His mother never suspected he was in serious trouble until two FBI agents knocked on their door in 2008. “They said, ‘we met your son, and we asked to him to cooperate with us and he refused,’” says Sawat Mehanna. “They said, ‘we have a tape with a false statement, he can be charged with serious crime, and your life is going to be hell.’ I felt like they wanted to scare us, so we have to do what they want.”

Tarek had told the FBI that his friend Daniel Maldanado was in Egypt, but the FBI had secretly recorded a phone call where Daniel had told Tarek that he was in Somalia. Shortly afterwards, they arrested Tarek for lying to the feds and then released him on bail. Eight months later they arrested him again, with new charges. The government announced that Tarek and his friends had planned to go on a shooting spree in a local mall. That allegation was dropped from the indictment before trial, presumably because there was not enough evidence.

While Tarek refused to cooperate, six of his friends agreed to work with the government. One of them, Kareem Abu-zahra, who is protected under full immunity, wore a wire for the FBI. On the stand, Abu-zahra admitted to paying for Tarek’s trip to Yemen and coming up with a plot to attack Hanscom Air Force Base. He also said he tried to acquire guns for the attack on the mall. He’s currently living with his family and doing IT work at UMass Lowell. His employers were so concerned about the content of his testimony that he was suspended from work and one of the school’s top executives called prosecutors to discuss whether he was a danger.

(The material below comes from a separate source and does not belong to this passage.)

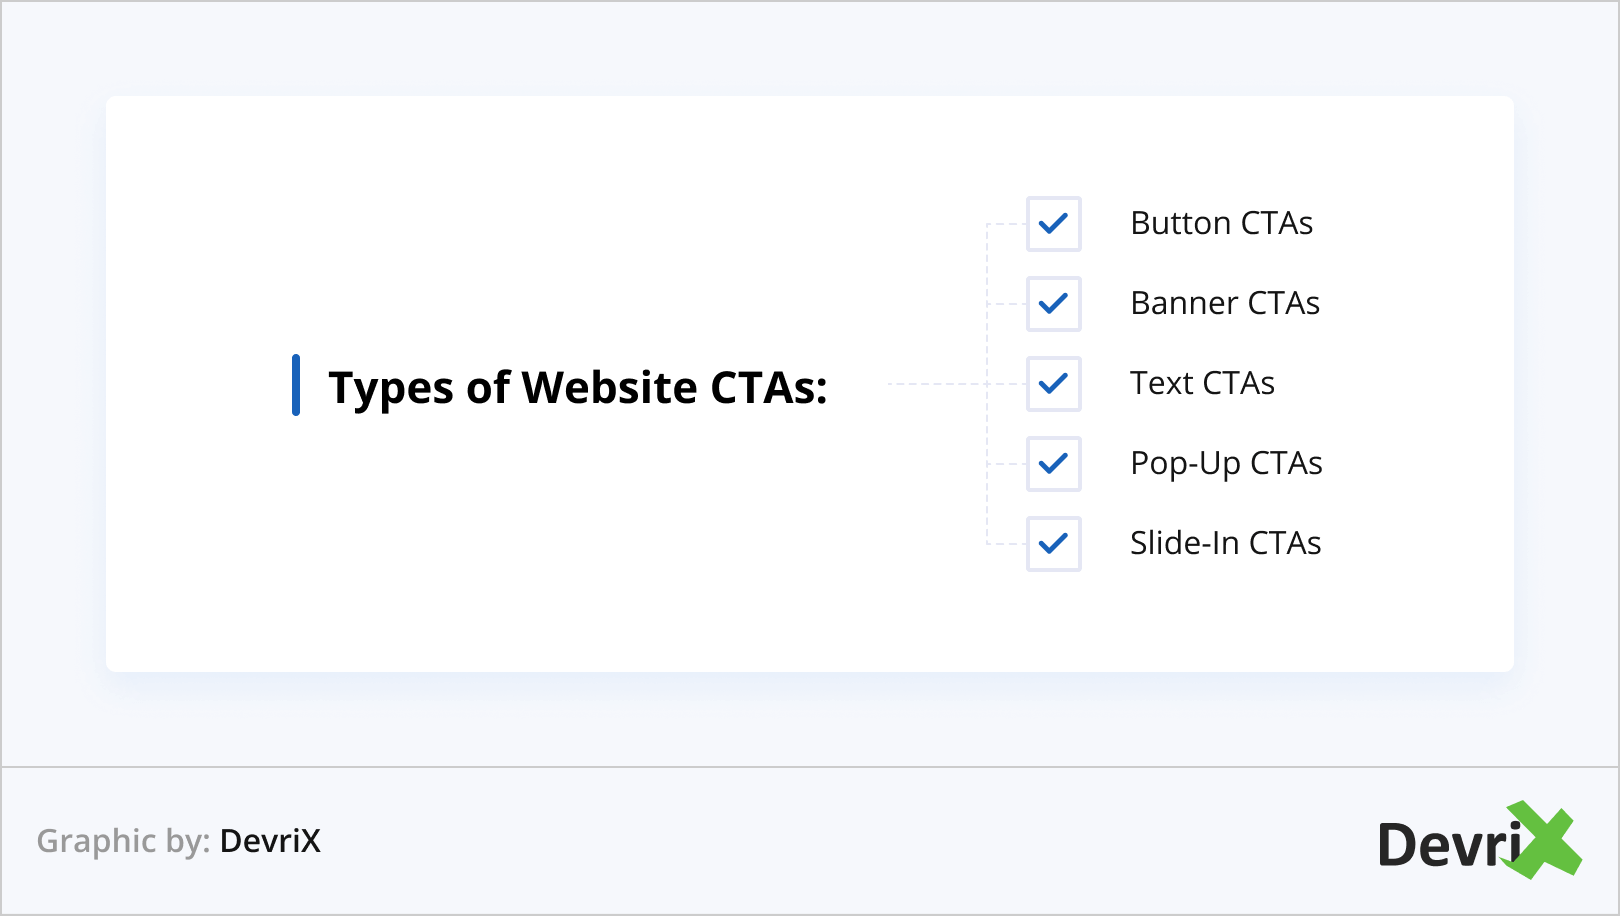 Types of Website CTAs

Meanwhile, Tarek Mahenna’s been in solitary confinement for two years. And there’s quite a bit of evidence that he actually softened his views considerably by 2005. He posted online that Islamic law prohibited killing civilians and using suicide bombers, in direct contrast to the views of Al Qaeda. Bahe says that the administrators of At-Tibyan Publications finally banned Tarek from the site. “He would bring up arguments against them,” says Bahe. “Like the invasion of Iraq. He would say, ‘most of the protests that happened were not in Muslim countries. They were in western nations in Boston, New York. How are these people your enemies?’ And people on the forum started changing their minds, saying, ‘that is a legitimate point.’ And when the admins saw that, they just banned him from the group. And that’s when I left as well.”

A Community Watches

Mohamed isn’t the only person who says Tarek was a positive influence. At the Worcester Islamic Center, where Tarek taught, his students are watching the trial closely. Kareem Abdel-Kader, 17, learned Islamic studies, math and science with Tarek. If the kids finished their studies, he’d let them go play in the gym. “Everyone loved him. Everyone who had him said he was their favorite teacher,” says Abdel-Kader.

I spoke to several administrators at the Center, who told me that, in the time they knew Tarek, they saw no evidence that he was an extremist. They told me that the Mosque has had official meetings with law enforcement in the past and worry that Tarek’s prosecution could dissuade Muslims from sharing information with authorities.